With enough color, heart, triumph, and controversy to match any champion boxer’s life story, Panama’s legendary Roberto Duran certainly deserves a movie that does justice to all his career ups and downs. Unfortunately, the new biopic “Hands of Stone” — named for the thunder-fisted fighter’s mythic sobriquet, and starring Edgar Ramírez as Duran — is too often content to play like a lot of other boxing flicks instead of forging its own path.
It’s slick and watchable enough to where you may never get around to saying “¡No mas!” — the bout-quitting utterance that ended Duran’s 1980 rematch with Sugar Ray Leonard and put a question mark on his legacy — but as writer-director Jonathan Jakubowicz’s movie punches along, you’ll also wish it had offered mucho, mucho mas.
A slum kid with a scrappy gift for fighting, Duran’s will to win in the ring arose, according to the film, out of a desire to avenge his struggling nation over its hotly contested, American-occupied canal zone. (Making matters psychologically thicker, he was born to a U.S. Marine father who abandoned his barrio mom.) It’s an irony lost on the filmmakers, though, that this proud Panamanian’s story is initially narrated by a white American man: Robert De Niro as Duran’s legendary trainer, Ray Arcel. This mentor saw the 20-year-old Duran knock out Benny Huertas at Madison Square Garden in 1971 — the “changed my life” moment for Arcel that opens the film — and decided to teach him the discipline to become a world-class boxer.
With Arcel in his corner, and backed by wealthy Panamanian Carlos Aleta (Ruben Blades), Duran becomes a strategic force in the ring. He also turns wooing into a power sport, winning over initially wary beauty Felicidad (Ana de Armas, “War Dogs”) like someone who wants the TKO in all aspects of life.
Jakubowicz loves the montage-laden zip of a boxer’s rise, but too much of the movie’s first half feels standard-issue: the swirl of national pride, aggression, and growing success all blending into something generic rather than gripping. (Felicidad, in particular, quickly becomes a biopic accessory rather than one-half of a long, fraught marriage.)
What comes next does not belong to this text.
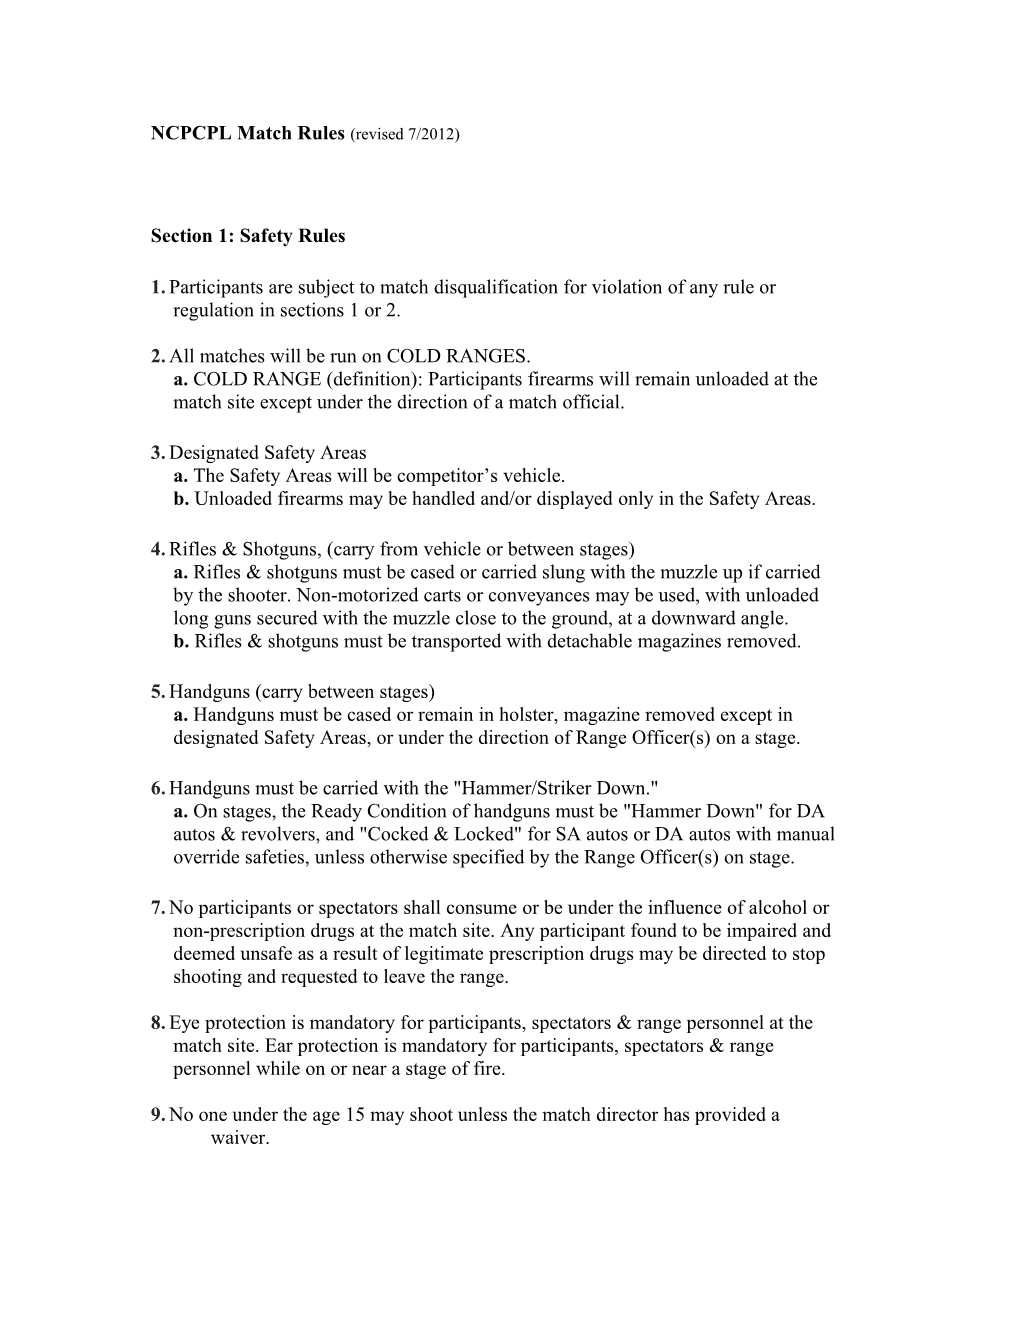 NCPCPL Match Rules (Revised 7/2012)

Ramírez (“Carlos”) isn’t necessarily the first person you’d think of to play Duran. The Venezuelan actor’s cagey prettiness seems antithetical to the raw, bulldog masculinity of his hotheaded subject, who always kept a piece of the streets inside him. But Ramírez is too good an actor not to make it work, even if his best moments come late, when the glorified machismo is given a breather and Jakubowicz allows the meaty question of what drives a champion boxer some welcome dramatic space.
This question is explored most deeply in the months between Duran’s 15-round defeat of Sugar Ray Leonard (Usher Raymond) in Montreal and the infamous rematch at the Superdome; the latter bout’s massive payday probably wasn’t in the best interest of the defending champ, who had since replaced the literal and metaphorical fighter’s appetite with a literal one. Finally achieving fame and wealth, Duran could now buy the luxury to stuff himself, and Ramírez gets at the hungry boy still inside the man, scarfing down plates of food to his team’s dismay in a scene that carries a whiff of both humor and consumptive doom.
DeNiro, meanwhile, star of one of the all-time great boxing films (“Raging Bull”), turns in a wholly satisfying late-career performance during a time when many have (appropriately) derided his paycheck-cashing job choices. His loose, soulful take on Arcel as a once-bitten, wise trainer eager to turn Duran into an exemplar of the sport he loves is full of wry, overlapping exchanges and fatherly gestures. (Arcel insisted on combing Duran’s hair between rounds as a way of psyching out his opponent with groomed freshness.) Putting away his great-actor tics and exhibiting some natural, genuine charisma, De Niro shines as he hasn’t in years, even when saddled with crammed-in subplots involving the mob that once owned him (represented by a hushed John Turturro) and a drug-addicted adult daughter.
It’s regrettable that a movie supposedly about Roberto Duran always feels jumbled and lost without De Niro’s Arcel around, despite the fact that Duran fought in four different decades, and well past Arcel’s time with him. Usher’s spirited, high-wattage mini-portrait of Leonard alone is crisp enough to make you want to see a whole movie just about the gamesmanship surrounding the two fighters’ famous matchups.
Even more dispiriting, “Hands of Stone” — whose fight scenes are energetic but sloppily edited and hardly stylish — fumbles the backlash to Duran giving up in the eighth round of that Superdome re-clash. We never get the dramatic autopsy worthy of so intensely debated a moment in boxing, just the express train to redemptive uplift. It leaves the movie feeling like a promising boxer before the training: jumpy, quick to hit, loaded with potential, but too unruly to go the distance.